Conformational changes during apoplastocyanin folding observed by photocleavable modification and transient grating.

A new method to investigate the initial protein folding dynamics is developed based on a pulsed laser light triggering method and a unique transient grating method. The side chain of the cysteine residue of apoplastocyanin (apoPC) was site-specifically modified with a 4,5-dimethoxy-2-nitrobenzyl derivative, where the CD and 2D NMR spectra showed that the modified apoPC was unfolded. The substituent was cleaved with a rate of about 400 ns by photoirradiation, which was monitored by the disappearance of the absorption band at 355 nm and the increase in the transient grating signal. After a sufficient time from the photocleavage reaction, the CD and NMR spectra showed that the native beta-sheet structure was recovered. Protein folding dynamics was monitored in the time domain with the transient grating method from a viewpoint of the molecular volume change and the diffusion coefficient, both of which reflect the global structural change, including the protein-water interaction. The observed volume decrease of apoPC with a time scale of 270 micros is ascribed to the initial hydrophobic collapse. The increase in the diffusion coefficient (23 ms) is considered to indicate a change from an intermolecular to an intramolecular hydrogen bonding network. The initial folding process of apoPC is discussed based on these observations.

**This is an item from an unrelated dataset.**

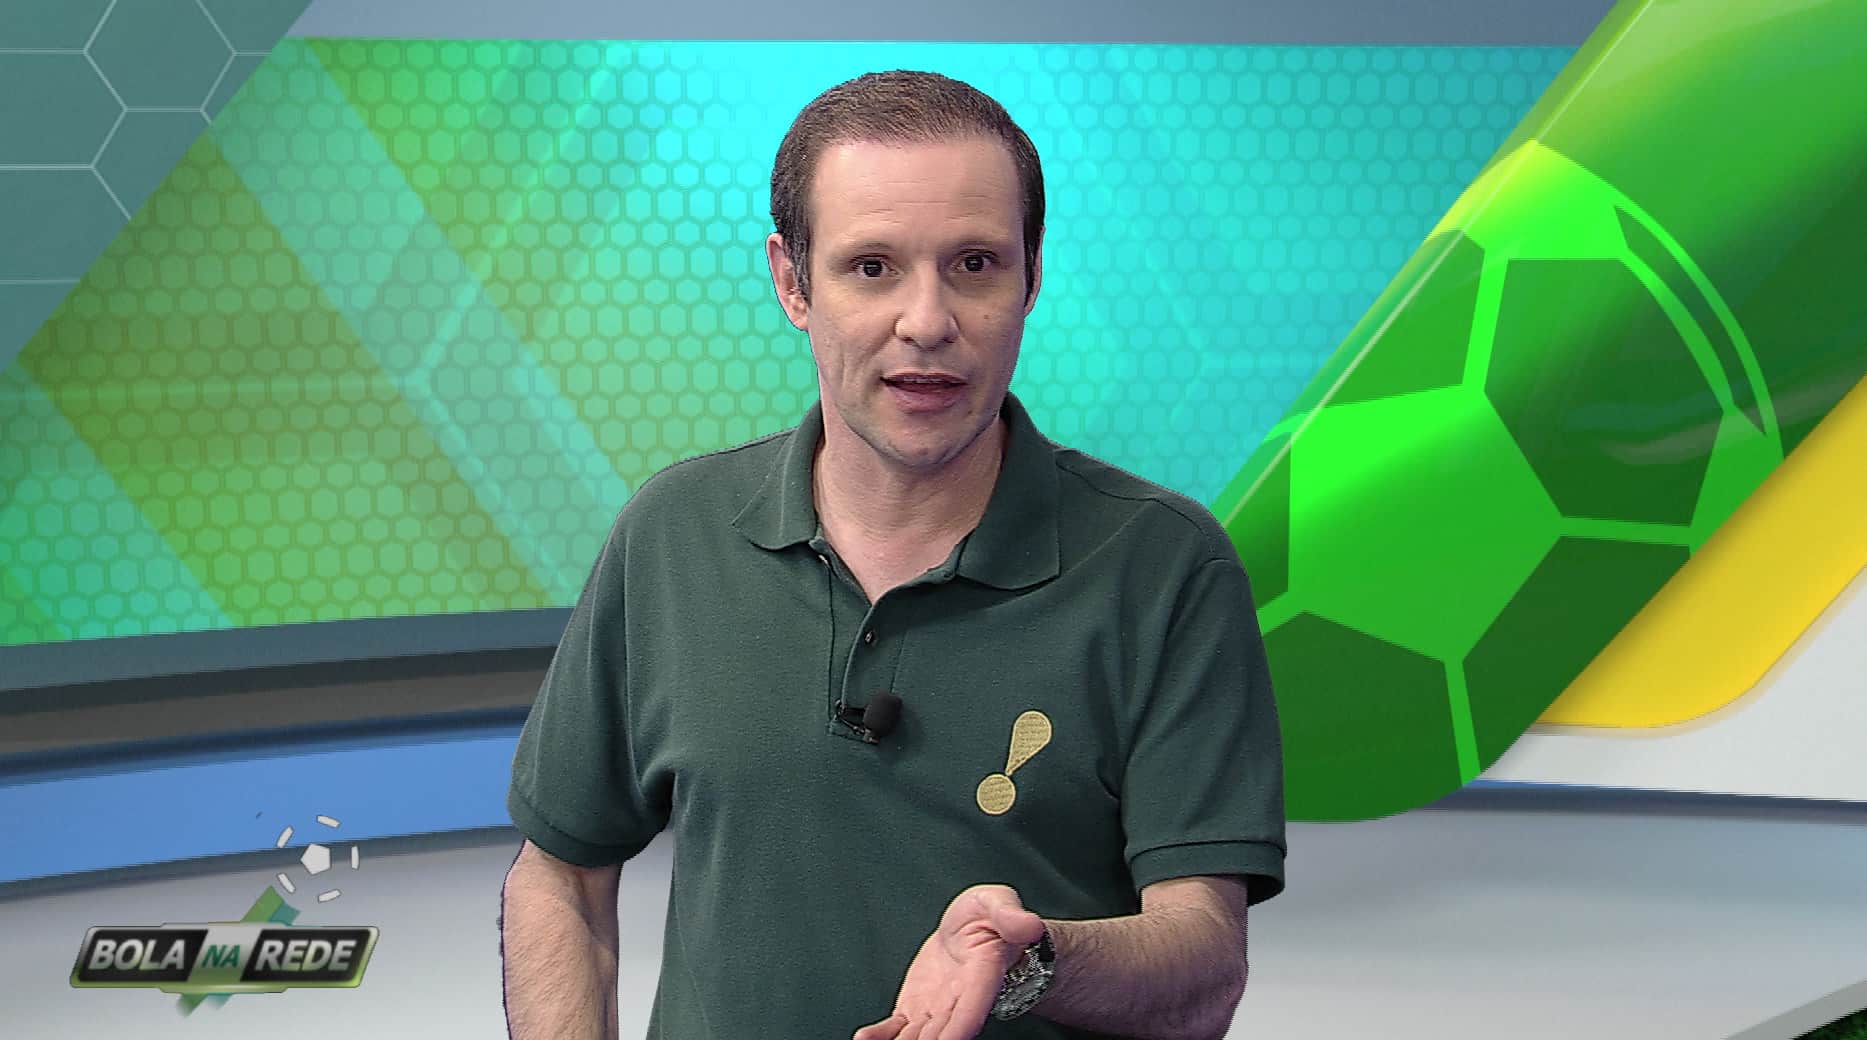 Audiência da TV: “Bola na Rede” consolida 3º lugar para a RedeTV! em agosto

Diffusion coefficient and the secondary structure of poly-L-glutamic acid in aqueous solution.

The diffusion coefficients (D) of poly-L-glutamic acid (PLG) at various pHs are investigated by the laser-induced transient-grating method with a new photoreactive probe molecule. The pH dependence of D is compared with that of the helical content of PLG measured by circular dichroism. It is found that the pH dependences of both quantities are very similar. Since the frictions of the translational diffusion of charged and protonated carboxyl groups are found to be similar each other, it is concluded that the conformation of the main polymer chain is the main factor in determining the diffusion process; in other words, the alpha-helix conformation makes the molecular diffusion faster. This result indicates that the conformational change of a protein can be detected by monitoring the diffusion coefficient.